Jesus invites us to step into the poverty and helplessness we need no longer fear and flee or deny - because we will find him and our brothers and sisters down there. What Jesus enumerates are attitudes and ways of being that come from relationship - with him and with one another - attitudes arrived at by the hard road of humility, vulnerability and doing the opposite of what my first snarky reaction might be. For when I finally recognize how poor and mercy-hungry I am, maybe, just maybe I begin to notice that I am not alone, that others are needy like me - they need mercy and peace like me. Then hopefully, my heart gets broken open.

In the kingdom proclaimed by Jesus this morning, a revolution is happening, with vulnerability at the center. Inadequacy, vulnerability are the key to Beatitude, the source of all that gives us life and joy, love, belonging and connectedness. For when I am vulnerable, I realize that I desperately need God; I realize that I desperately need others. I come to understand that I am imperfect, inadequate and on the way along with my brothers and sisters, and so I am connected.* It is this loving connectivity that is true Beatitude. To be poor, merciful, to mourn over all the tragedy that surrounds us, to allow ourselves to be rejected for doing the right thing - this was Jesus’ way. It is to be our way, as it was for all the saints. But bear in mind, when you love like this you bleed like Jesus did and your robes get stained but absolutely radiant.

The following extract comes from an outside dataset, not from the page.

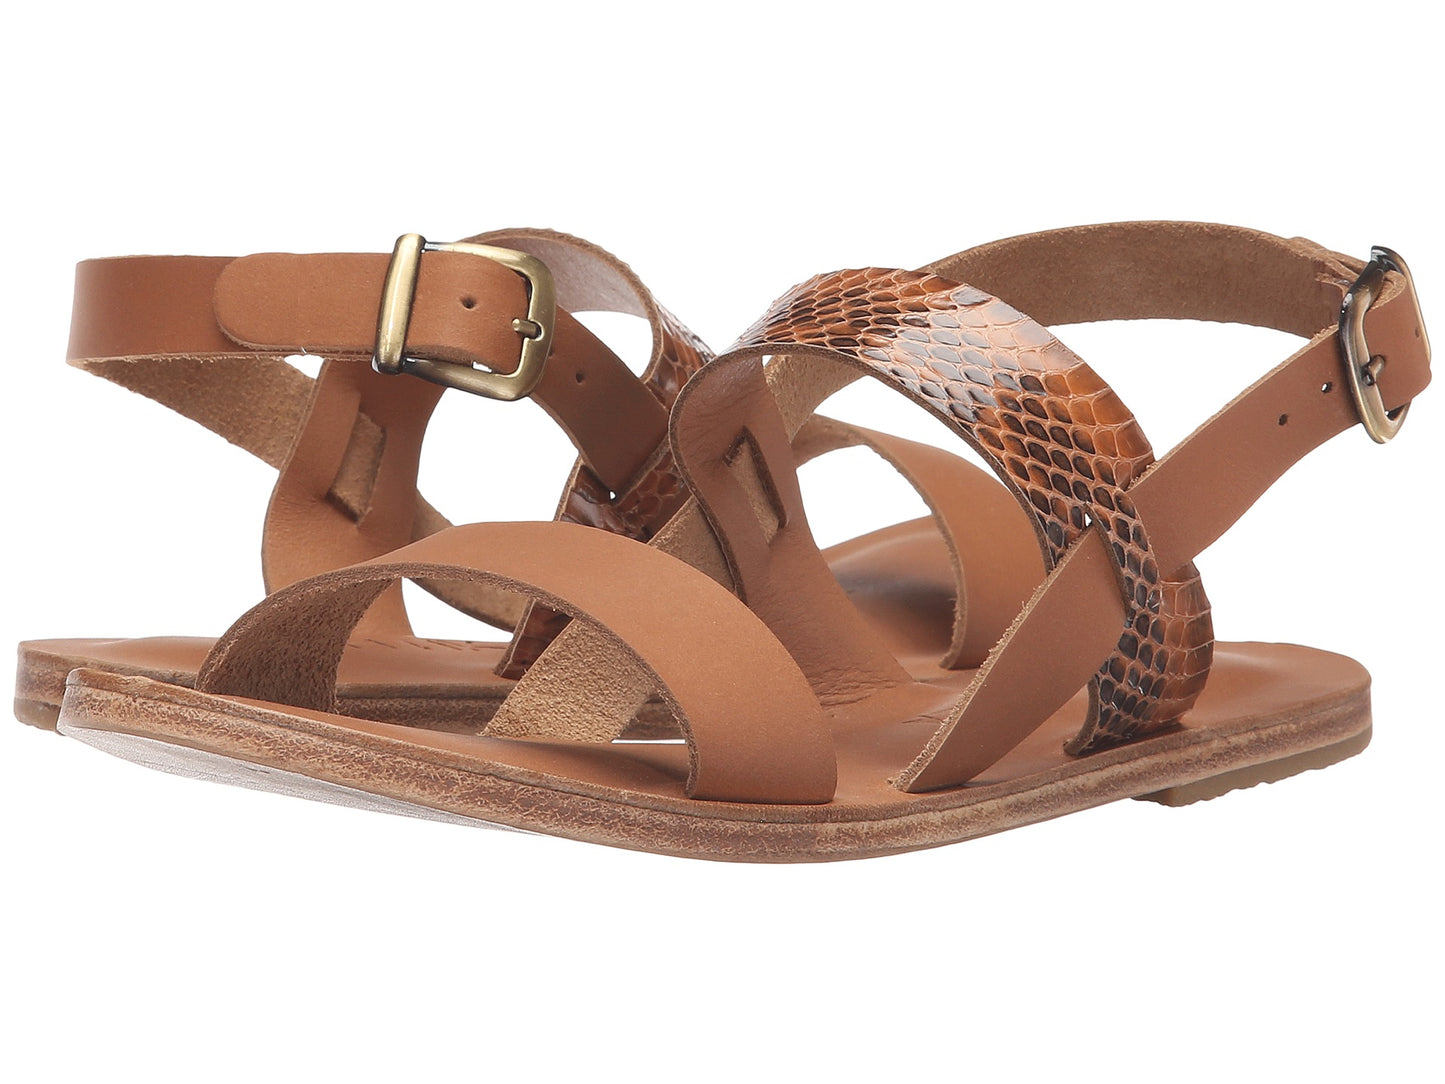 Abbot Kinney Blvd tan snake skin, handmade leather buckle sandals with front loop - Side View

Our way is imitation of Christ, not dumb impersonation, but likeness that will lead to transformation. I have been crucified with Christ; it is no longer I that live, but the wounded Christ living in me; the life I now live in the flesh, I live in faith in the Son of God, who loved me and gave himself up for me. This is what the saints wanted with all their hearts, what Jesus longs for - for each of us - this deep inter-subjectivity and connectivity. And so, because he loves the humble beauty of our inadequacy, our need of him, he comes to abide with us in Holy Communion. Let us open to him.

*See Jamie Arpin-Ricci on Brené Brown in Huffington Post blog for April 8, 2015.